Problem to work on: From the data below, copy exactly the lines that lie between the one holding "New Homes for" and the one holding "evolution of computer programming", including both, and nothing more.

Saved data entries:
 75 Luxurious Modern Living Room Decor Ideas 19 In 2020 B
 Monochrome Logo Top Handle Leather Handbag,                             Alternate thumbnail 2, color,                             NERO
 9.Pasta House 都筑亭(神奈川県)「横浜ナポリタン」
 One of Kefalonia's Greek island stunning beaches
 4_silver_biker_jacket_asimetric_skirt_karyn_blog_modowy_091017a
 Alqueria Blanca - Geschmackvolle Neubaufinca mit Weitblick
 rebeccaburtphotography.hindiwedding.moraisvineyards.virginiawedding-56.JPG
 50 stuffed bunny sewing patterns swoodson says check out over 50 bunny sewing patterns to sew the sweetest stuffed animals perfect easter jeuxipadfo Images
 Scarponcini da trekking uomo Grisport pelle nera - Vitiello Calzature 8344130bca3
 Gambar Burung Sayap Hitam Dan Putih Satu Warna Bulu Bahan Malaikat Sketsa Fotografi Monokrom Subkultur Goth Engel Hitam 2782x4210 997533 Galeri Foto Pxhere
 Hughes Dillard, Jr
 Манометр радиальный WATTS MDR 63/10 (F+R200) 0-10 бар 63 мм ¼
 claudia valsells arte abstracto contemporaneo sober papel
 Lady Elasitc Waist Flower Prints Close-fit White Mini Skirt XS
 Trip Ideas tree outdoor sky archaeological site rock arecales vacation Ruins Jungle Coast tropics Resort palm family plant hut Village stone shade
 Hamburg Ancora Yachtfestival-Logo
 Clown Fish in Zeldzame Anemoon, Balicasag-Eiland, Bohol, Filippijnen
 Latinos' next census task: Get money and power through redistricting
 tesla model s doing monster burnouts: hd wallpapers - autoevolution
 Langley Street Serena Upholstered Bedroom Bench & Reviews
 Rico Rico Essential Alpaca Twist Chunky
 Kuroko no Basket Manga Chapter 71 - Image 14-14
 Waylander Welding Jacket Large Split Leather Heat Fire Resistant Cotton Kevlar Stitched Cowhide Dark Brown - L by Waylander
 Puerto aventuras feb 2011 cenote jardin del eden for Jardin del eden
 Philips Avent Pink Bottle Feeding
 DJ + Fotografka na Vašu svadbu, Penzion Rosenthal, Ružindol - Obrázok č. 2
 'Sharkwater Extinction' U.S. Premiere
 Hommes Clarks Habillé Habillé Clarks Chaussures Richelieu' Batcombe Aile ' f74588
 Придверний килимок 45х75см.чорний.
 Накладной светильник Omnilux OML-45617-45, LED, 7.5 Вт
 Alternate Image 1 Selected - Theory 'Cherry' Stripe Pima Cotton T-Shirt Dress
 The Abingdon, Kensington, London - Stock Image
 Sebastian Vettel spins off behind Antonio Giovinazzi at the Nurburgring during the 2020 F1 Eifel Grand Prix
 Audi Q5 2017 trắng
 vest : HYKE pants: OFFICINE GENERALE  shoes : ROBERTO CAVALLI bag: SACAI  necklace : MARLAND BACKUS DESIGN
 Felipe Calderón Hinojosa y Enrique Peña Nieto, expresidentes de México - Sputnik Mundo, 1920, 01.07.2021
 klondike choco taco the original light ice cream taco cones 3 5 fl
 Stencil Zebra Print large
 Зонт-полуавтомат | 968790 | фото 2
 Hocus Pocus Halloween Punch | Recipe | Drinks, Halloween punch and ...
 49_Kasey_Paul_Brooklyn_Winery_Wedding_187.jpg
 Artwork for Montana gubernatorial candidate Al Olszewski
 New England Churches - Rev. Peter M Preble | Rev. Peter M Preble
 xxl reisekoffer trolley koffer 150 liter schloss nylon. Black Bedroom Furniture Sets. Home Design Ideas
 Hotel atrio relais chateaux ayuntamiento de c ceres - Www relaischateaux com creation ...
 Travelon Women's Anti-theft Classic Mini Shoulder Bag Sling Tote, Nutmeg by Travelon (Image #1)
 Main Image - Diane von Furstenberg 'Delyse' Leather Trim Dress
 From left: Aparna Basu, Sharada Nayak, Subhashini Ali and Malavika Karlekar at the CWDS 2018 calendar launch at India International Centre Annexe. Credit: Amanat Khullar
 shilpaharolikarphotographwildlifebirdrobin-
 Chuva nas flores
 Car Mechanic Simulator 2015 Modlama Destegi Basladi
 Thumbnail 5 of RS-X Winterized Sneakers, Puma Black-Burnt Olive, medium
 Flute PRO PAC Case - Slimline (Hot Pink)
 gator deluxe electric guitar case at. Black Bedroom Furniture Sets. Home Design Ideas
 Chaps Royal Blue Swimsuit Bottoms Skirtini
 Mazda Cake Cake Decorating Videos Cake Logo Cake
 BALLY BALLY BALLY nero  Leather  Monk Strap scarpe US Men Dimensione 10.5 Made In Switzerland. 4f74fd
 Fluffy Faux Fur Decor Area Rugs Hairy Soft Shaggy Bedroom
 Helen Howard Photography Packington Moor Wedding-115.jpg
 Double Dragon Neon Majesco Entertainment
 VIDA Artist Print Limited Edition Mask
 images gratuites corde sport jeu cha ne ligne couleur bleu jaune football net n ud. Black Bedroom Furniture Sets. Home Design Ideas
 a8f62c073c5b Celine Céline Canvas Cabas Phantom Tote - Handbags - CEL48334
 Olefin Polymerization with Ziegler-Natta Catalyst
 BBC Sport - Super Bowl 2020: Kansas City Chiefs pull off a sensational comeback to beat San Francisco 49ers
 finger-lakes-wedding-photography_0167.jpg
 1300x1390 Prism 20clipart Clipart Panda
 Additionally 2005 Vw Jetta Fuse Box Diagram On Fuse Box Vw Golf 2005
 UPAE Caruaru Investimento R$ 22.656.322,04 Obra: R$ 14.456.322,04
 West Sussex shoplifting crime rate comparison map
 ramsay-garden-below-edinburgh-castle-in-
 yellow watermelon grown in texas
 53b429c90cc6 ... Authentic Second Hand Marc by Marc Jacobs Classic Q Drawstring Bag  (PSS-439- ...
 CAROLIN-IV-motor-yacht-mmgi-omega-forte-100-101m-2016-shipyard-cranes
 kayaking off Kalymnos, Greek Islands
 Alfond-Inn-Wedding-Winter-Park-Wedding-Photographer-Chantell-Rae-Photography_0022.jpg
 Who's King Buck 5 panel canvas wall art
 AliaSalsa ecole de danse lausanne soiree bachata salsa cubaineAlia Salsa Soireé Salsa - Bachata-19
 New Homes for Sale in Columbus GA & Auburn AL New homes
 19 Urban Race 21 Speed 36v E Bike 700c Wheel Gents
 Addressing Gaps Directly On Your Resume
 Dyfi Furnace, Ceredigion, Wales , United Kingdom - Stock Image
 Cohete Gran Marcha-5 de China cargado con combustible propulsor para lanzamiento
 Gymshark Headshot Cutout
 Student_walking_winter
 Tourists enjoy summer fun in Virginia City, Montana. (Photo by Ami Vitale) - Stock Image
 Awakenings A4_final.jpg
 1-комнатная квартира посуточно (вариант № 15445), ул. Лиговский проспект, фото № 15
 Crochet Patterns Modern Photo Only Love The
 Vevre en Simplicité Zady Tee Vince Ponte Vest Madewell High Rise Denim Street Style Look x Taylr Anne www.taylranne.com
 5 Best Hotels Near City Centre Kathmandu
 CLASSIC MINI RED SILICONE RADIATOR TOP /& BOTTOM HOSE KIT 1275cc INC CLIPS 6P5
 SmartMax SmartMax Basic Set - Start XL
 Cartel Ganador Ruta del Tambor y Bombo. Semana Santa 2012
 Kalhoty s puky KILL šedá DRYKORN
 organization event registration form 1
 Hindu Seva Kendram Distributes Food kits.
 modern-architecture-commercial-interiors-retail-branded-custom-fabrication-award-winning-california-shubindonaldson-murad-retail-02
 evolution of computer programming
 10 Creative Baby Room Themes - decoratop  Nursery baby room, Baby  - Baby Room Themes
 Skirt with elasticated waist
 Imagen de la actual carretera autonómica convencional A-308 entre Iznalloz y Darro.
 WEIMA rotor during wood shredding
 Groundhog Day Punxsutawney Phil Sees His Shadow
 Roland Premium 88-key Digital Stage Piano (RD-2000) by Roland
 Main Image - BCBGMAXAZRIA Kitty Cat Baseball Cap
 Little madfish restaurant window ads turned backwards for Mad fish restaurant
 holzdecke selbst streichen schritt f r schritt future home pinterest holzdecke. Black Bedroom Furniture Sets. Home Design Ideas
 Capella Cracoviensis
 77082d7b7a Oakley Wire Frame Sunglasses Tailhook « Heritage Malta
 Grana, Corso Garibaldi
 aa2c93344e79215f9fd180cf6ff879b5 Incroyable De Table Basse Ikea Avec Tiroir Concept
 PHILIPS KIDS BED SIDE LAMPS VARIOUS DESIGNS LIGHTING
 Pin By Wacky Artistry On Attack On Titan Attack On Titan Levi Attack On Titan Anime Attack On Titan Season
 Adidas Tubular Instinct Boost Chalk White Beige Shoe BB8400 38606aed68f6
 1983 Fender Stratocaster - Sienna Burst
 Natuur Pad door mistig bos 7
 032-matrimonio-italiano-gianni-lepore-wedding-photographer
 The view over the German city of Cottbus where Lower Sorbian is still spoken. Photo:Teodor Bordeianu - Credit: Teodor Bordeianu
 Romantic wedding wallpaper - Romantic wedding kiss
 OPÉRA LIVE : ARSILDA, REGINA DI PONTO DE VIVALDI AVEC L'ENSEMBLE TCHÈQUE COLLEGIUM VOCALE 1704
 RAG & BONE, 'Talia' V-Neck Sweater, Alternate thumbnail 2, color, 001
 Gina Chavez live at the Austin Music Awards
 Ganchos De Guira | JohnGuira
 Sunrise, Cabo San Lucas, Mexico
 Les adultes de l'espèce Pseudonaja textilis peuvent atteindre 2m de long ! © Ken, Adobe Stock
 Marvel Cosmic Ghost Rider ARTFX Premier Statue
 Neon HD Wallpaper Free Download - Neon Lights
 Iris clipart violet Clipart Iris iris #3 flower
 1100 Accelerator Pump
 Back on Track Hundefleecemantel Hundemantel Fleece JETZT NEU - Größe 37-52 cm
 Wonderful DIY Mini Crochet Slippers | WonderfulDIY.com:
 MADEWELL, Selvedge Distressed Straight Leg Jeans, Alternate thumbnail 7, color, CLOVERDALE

Finished exercise:
 New Homes for Sale in Columbus GA & Auburn AL New homes
 19 Urban Race 21 Speed 36v E Bike 700c Wheel Gents
 Addressing Gaps Directly On Your Resume
 Dyfi Furnace, Ceredigion, Wales , United Kingdom - Stock Image
 Cohete Gran Marcha-5 de China cargado con combustible propulsor para lanzamiento
 Gymshark Headshot Cutout
 Student_walking_winter
 Tourists enjoy summer fun in Virginia City, Montana. (Photo by Ami Vitale) - Stock Image
 Awakenings A4_final.jpg
 1-комнатная квартира посуточно (вариант № 15445), ул. Лиговский проспект, фото № 15
 Crochet Patterns Modern Photo Only Love The
 Vevre en Simplicité Zady Tee Vince Ponte Vest Madewell High Rise Denim Street Style Look x Taylr Anne www.taylranne.com
 5 Best Hotels Near City Centre Kathmandu
 CLASSIC MINI RED SILICONE RADIATOR TOP /& BOTTOM HOSE KIT 1275cc INC CLIPS 6P5
 SmartMax SmartMax Basic Set - Start XL
 Cartel Ganador Ruta del Tambor y Bombo. Semana Santa 2012
 Kalhoty s puky KILL šedá DRYKORN
 organization event registration form 1
 Hindu Seva Kendram Distributes Food kits.
 modern-architecture-commercial-interiors-retail-branded-custom-fabrication-award-winning-california-shubindonaldson-murad-retail-02
 evolution of computer programming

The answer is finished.